Après l’intervention d’Herman Van Rompuy et de Xavier Bettel, une table ronde s’en est suivie. (Photo: Licence C.C.)

Après l’intervention d’Herman Van Rompuy et de Xavier Bettel, une table ronde s’en est suivie. (Photo: Licence C.C.)

Il a beaucoup été question d’économie dans son discours d’état des lieux de l’Union européenne. Après les années de crise, «l’économie va mieux. Nous avons gagné plus de 6 millions d’emplois depuis 2014. Qui aurait pu dire ça en 2013? Le niveau de confiance des ménages est le plus élevé depuis 17 ans, la zone euro est plus forte qu’elle ne l’était fin 2010 ou 2012.»

Les rapports de force ne sont plus dictés par le pouvoir militaire, mais par l’économie, a estimé le Belge: «Le commerce est devenu un facteur déterminant. Et c’est là que l’UE est en position de force, car elle peut parler d’une seule voix.» La crise de la zone euro a finalement été pour lui salutaire: «Une monnaie commune doit avoir une politique économique commune.»

Mais si l’embellie économique ravit le politicien belge, ce dernier rappelle néanmoins que dans le contexte d’une population vieillissante, l’UE va devoir trouver des solutions: «La croissance n’est pas assez importante pour payer les systèmes de sécurité sociale, 2% de moyenne actuellement ne suffiront pas.»
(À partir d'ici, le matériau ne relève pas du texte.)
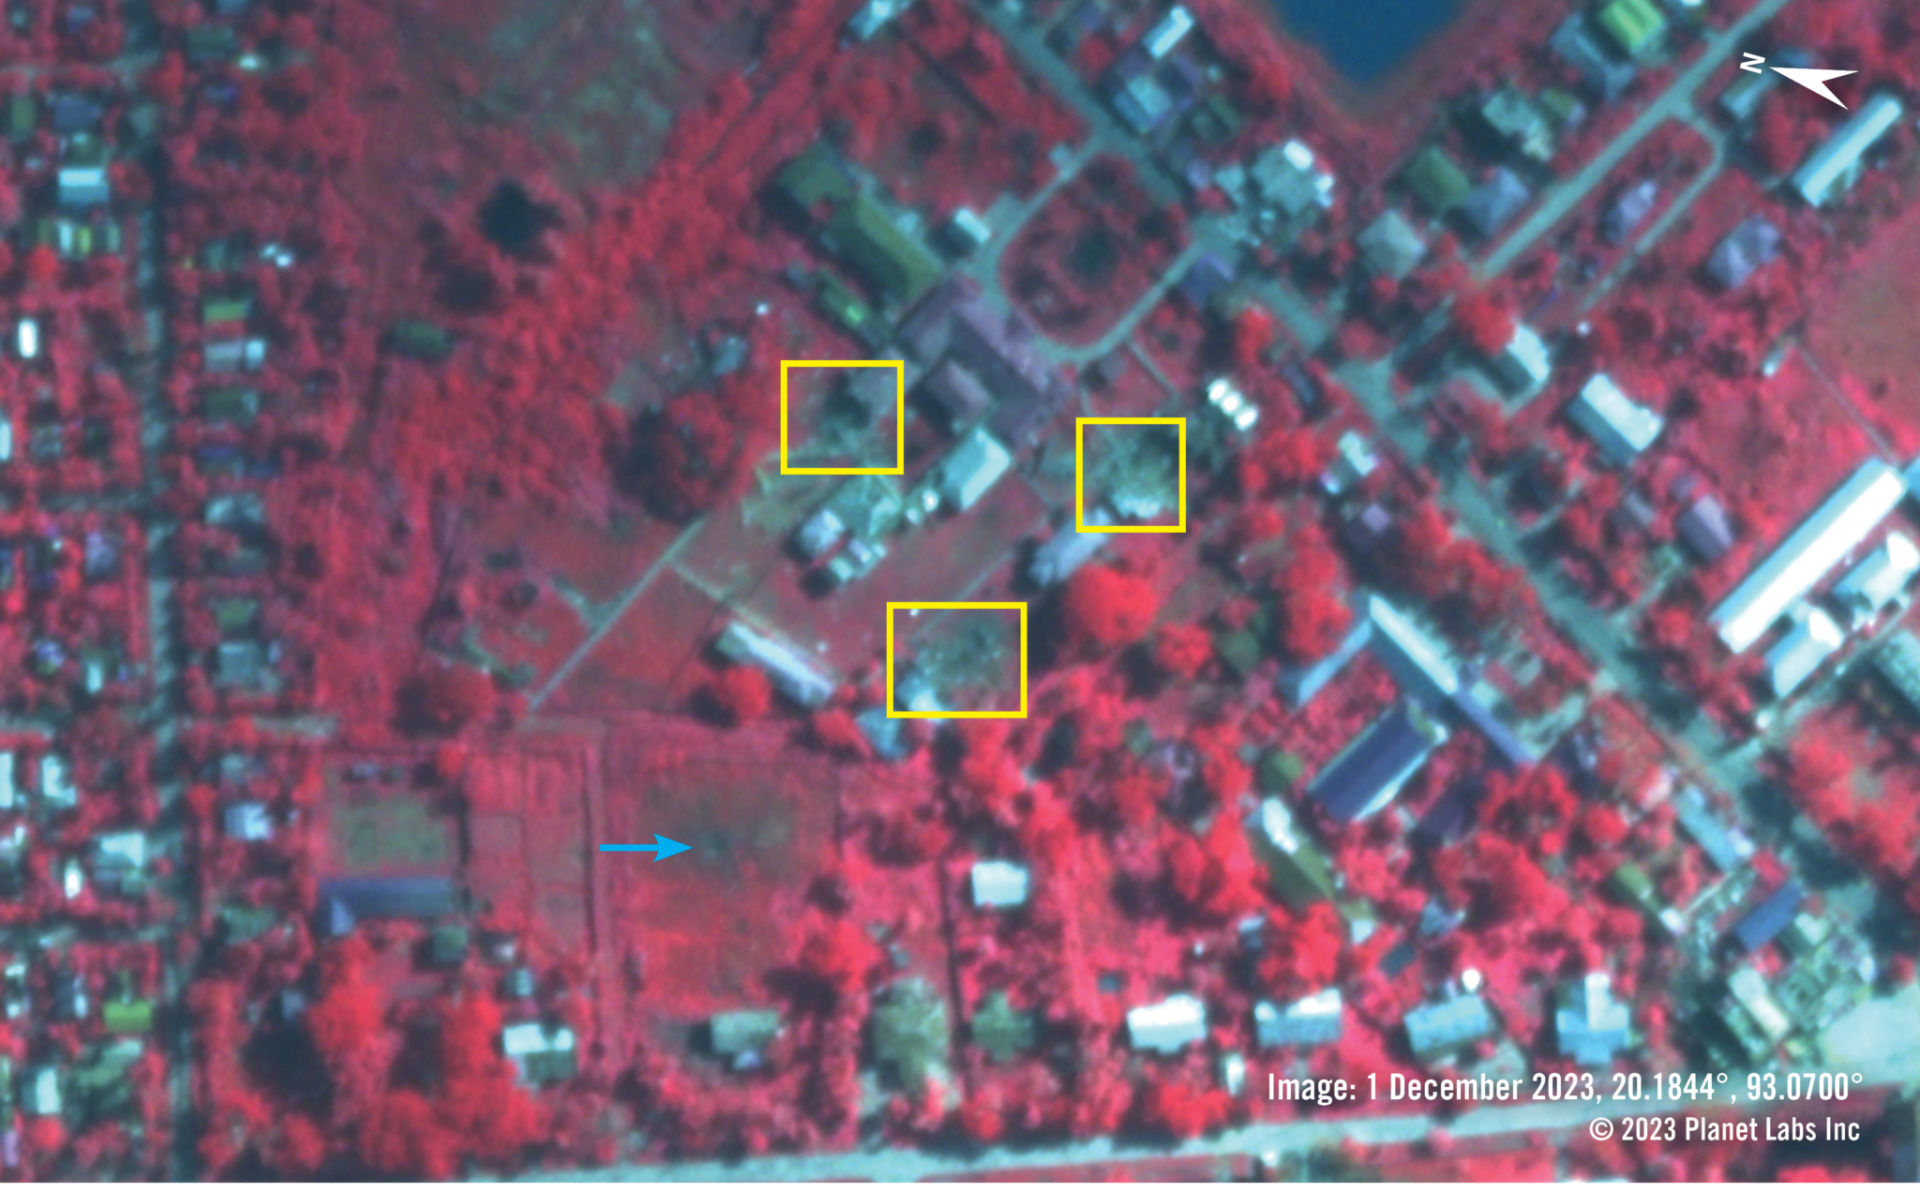 2023年12月1日，報導中的醫院區域的假色近紅外線衛星影像。健康的植被呈現紅色，不健康或燒毀的植披呈現較深的黑色或棕色。黃色方塊標記的區域為近期受損的建築。藍色箭頭則是指向直徑約4公尺的大坑洞。

Le sentiment d’appartenance est plus fort.

Herman Van Rompuy (ancien président du Conseil européen)

Sur le plan de la politique internationale, les choses ont bien changé depuis qu’Herman Van Rompuy n’est plus aux affaires (il était Premier ministre de Belgique de 2008 à 2009, et président du Conseil européen de 2010 à 2014): «Nous avions une relation harmonieuse avec Barack Obama… En quelques années, l’échiquier mondial a complètement changé. Nous devons rester fermes sur nos principes, mais toujours ouverts au dialogue.»

C’est comme si le Brexit avait réveillé l’esprit d’appartenance européen sur le continent. «Il y a eu une véritable prise de conscience, on a réalisé que le fait de quitter l’UE et la zone euro serait un facteur d’instabilité. Le résultat est que le sentiment d’appartenance est plus fort, même les populistes acceptent désormais l’idée européenne.»
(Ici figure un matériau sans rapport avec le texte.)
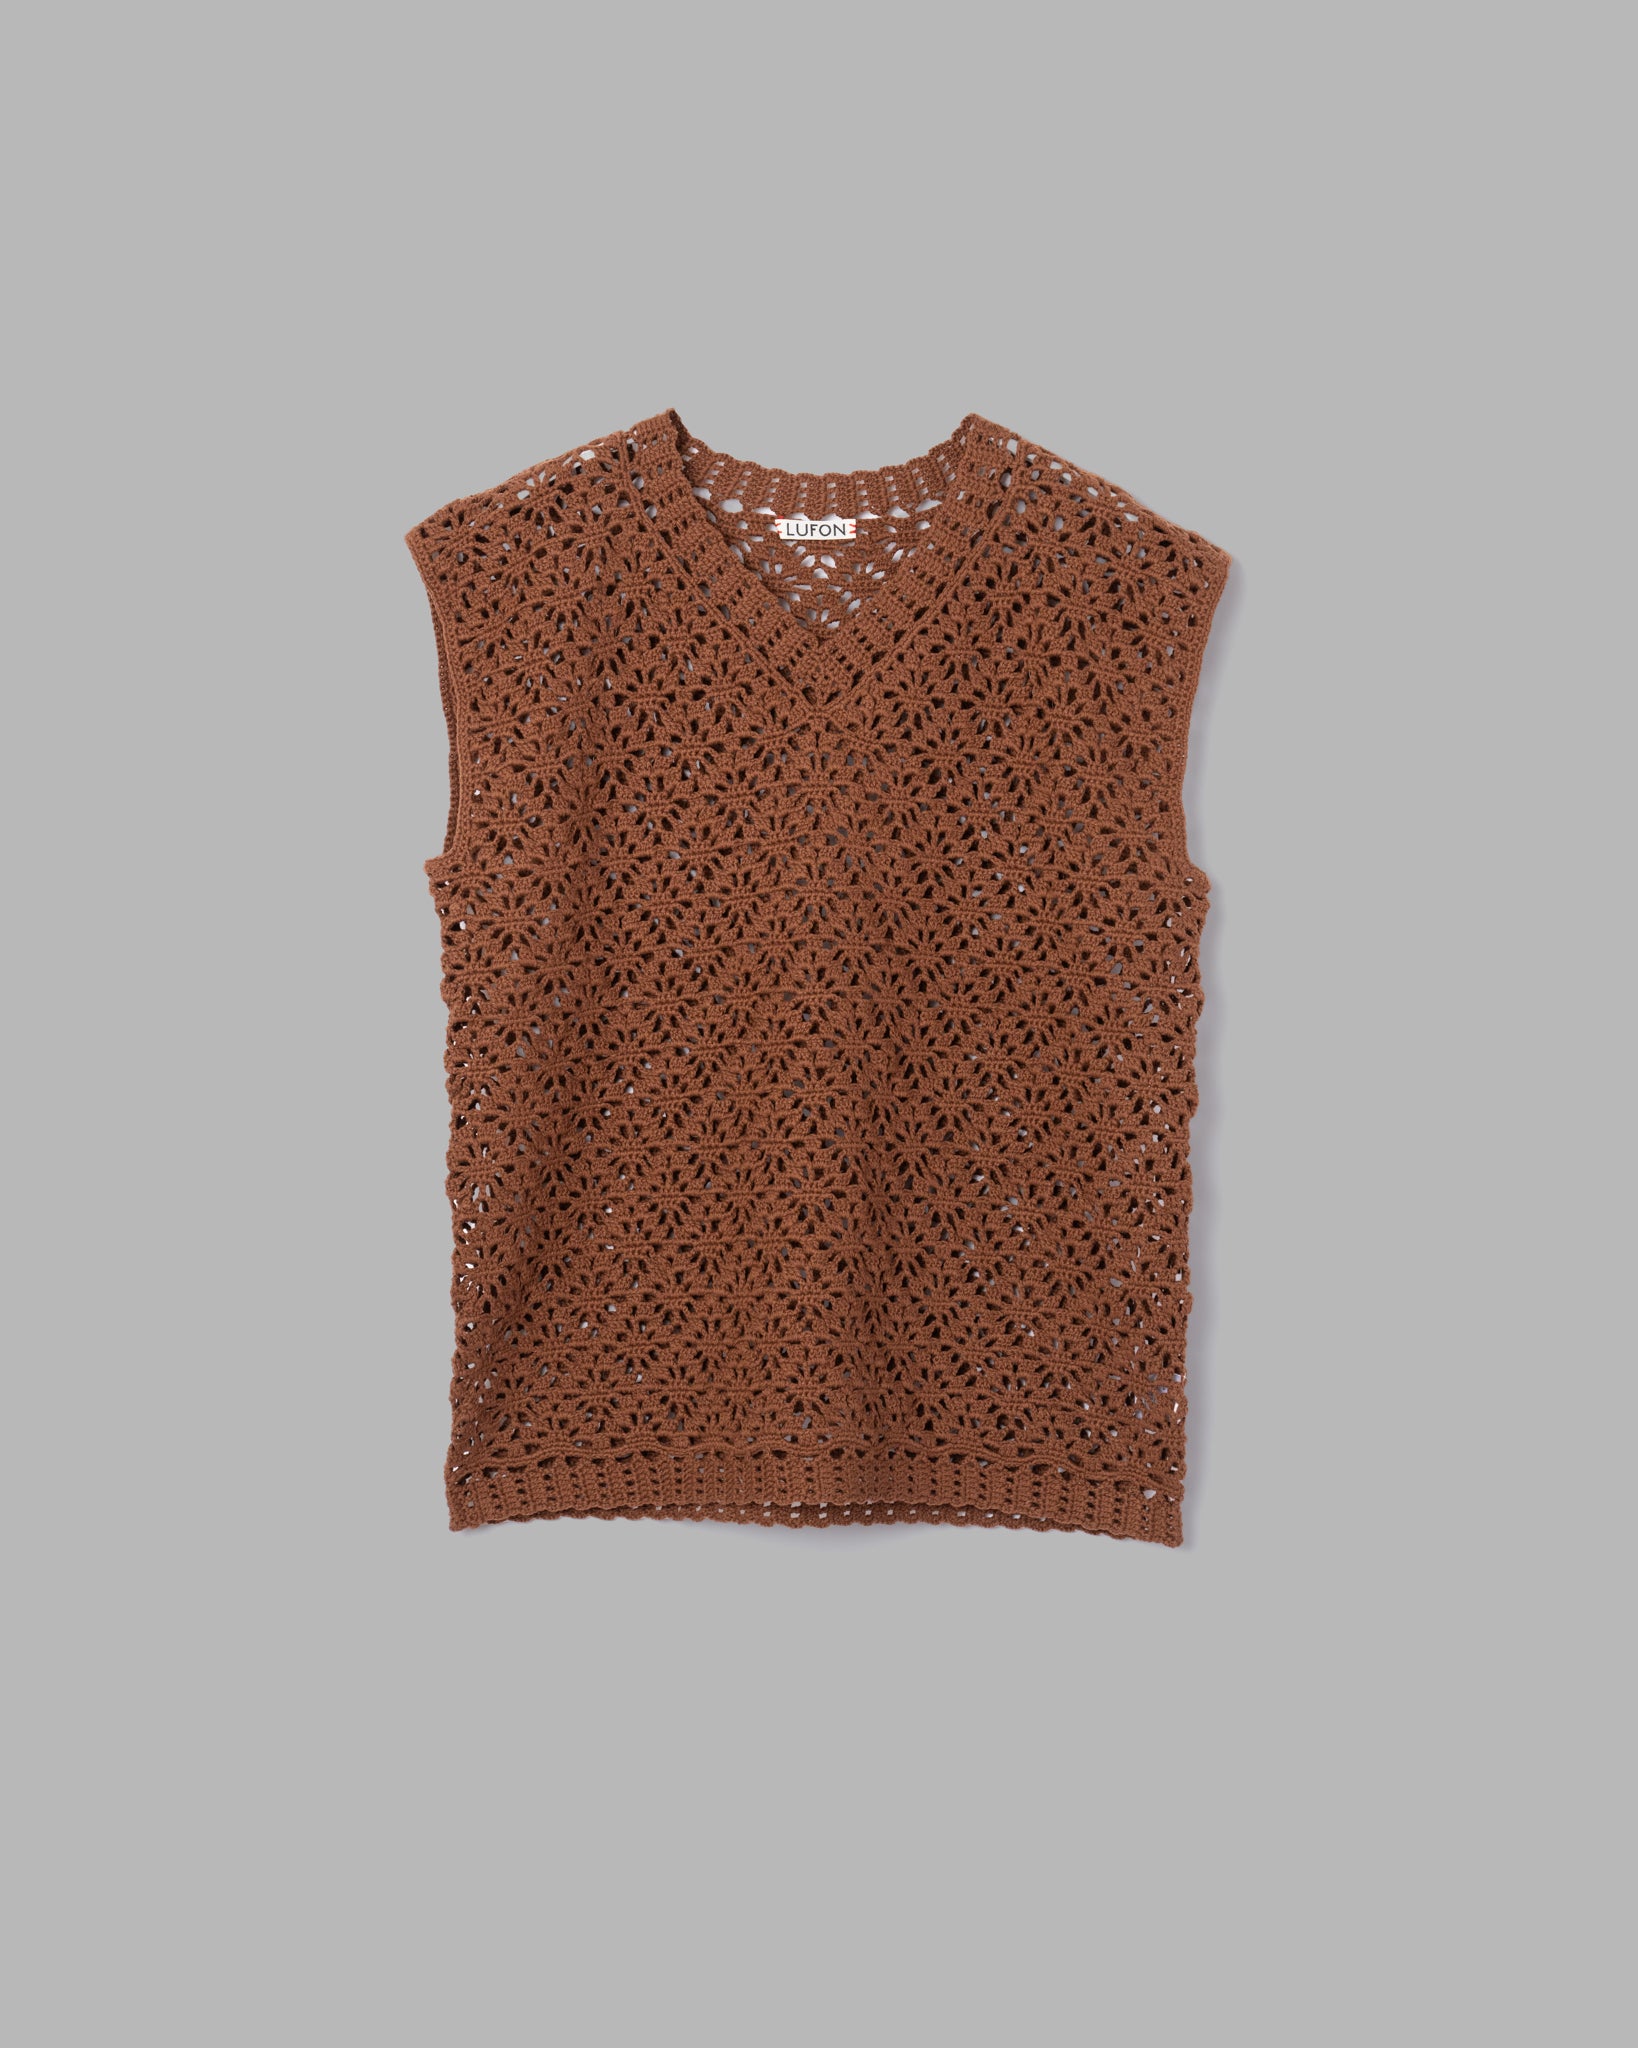 【2/1までの出品】hand knit vestこちらの値段で2月1日まで

Les populistes restent en embuscade

Mais si ces derniers semblent devoir compter avec l’Union européenne, les populistes restent en embuscade. Pour Herman Van Rompuy, les résultats économiques des pays ne peuvent pas être des arguments de campagne seuls. Des pays comme l’Allemagne ou encore les Pays-Bas ont sanctionné dans les urnes les pouvoirs en place alors qu’ils affichent une belle santé économique. «Les populistes n’ont pas perdu la guerre. Endéans cinq ans, il faut prouver que l’on peut s’attaquer aux racines profondes du populisme. Il faut que l’UE offre de la protection, sinon on se réfugie dans le protectionnisme.»
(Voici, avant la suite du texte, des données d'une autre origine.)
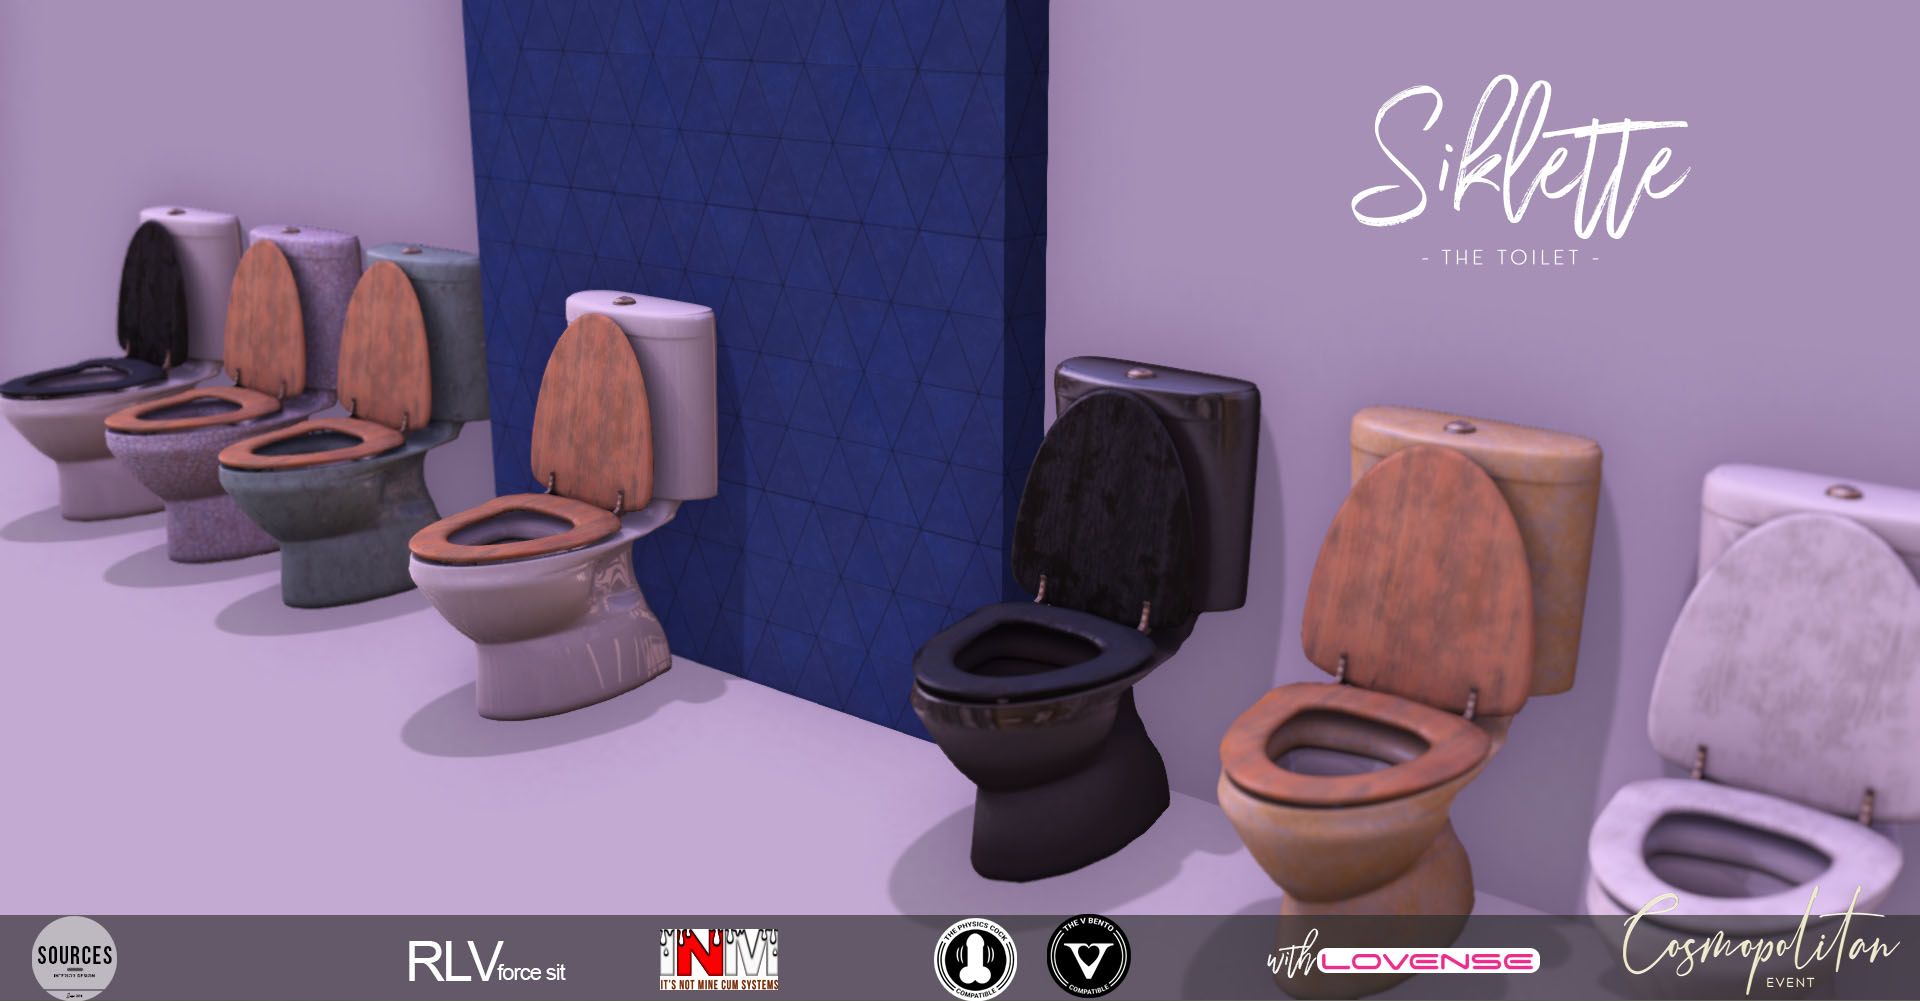 SOURCES – Siklette Toilet

Concernant le Brexit en lui-même, Herman Van Rompuy a parlé d’«amputation politique» pour l’UE, tout en remettant les choses dans leur contexte. Avec une adhésion relativement tardive (1973), le Royaume-Uni a rejoint l’aventure européenne une génération après les pionniers du traité de Rome de 1957. «Ils n’étaient plus au cœur des décisions majeures, ne faisant partie ni de la zone euro, ni de la zone Schengen, c’est le pays le moins intégré de l’UE.»

Même avec les avancées annoncées vendredi dernier sur les négociations entre le Royaume-Uni et l’UE, Herman Van Rompuy craint que les négociations soient trop longues et complexes pour arriver à un accord d’ici au 29 mars 2019, jour de la séparation effective: «Ils ne seront pas prêts pour 2019, donc il faudra couvrir une période de transition, mais ils n’auront pas assez de temps pour cela non plus. La seule solution est de continuer avec ce qui existe maintenant, c’est-à-dire l’union douanière.»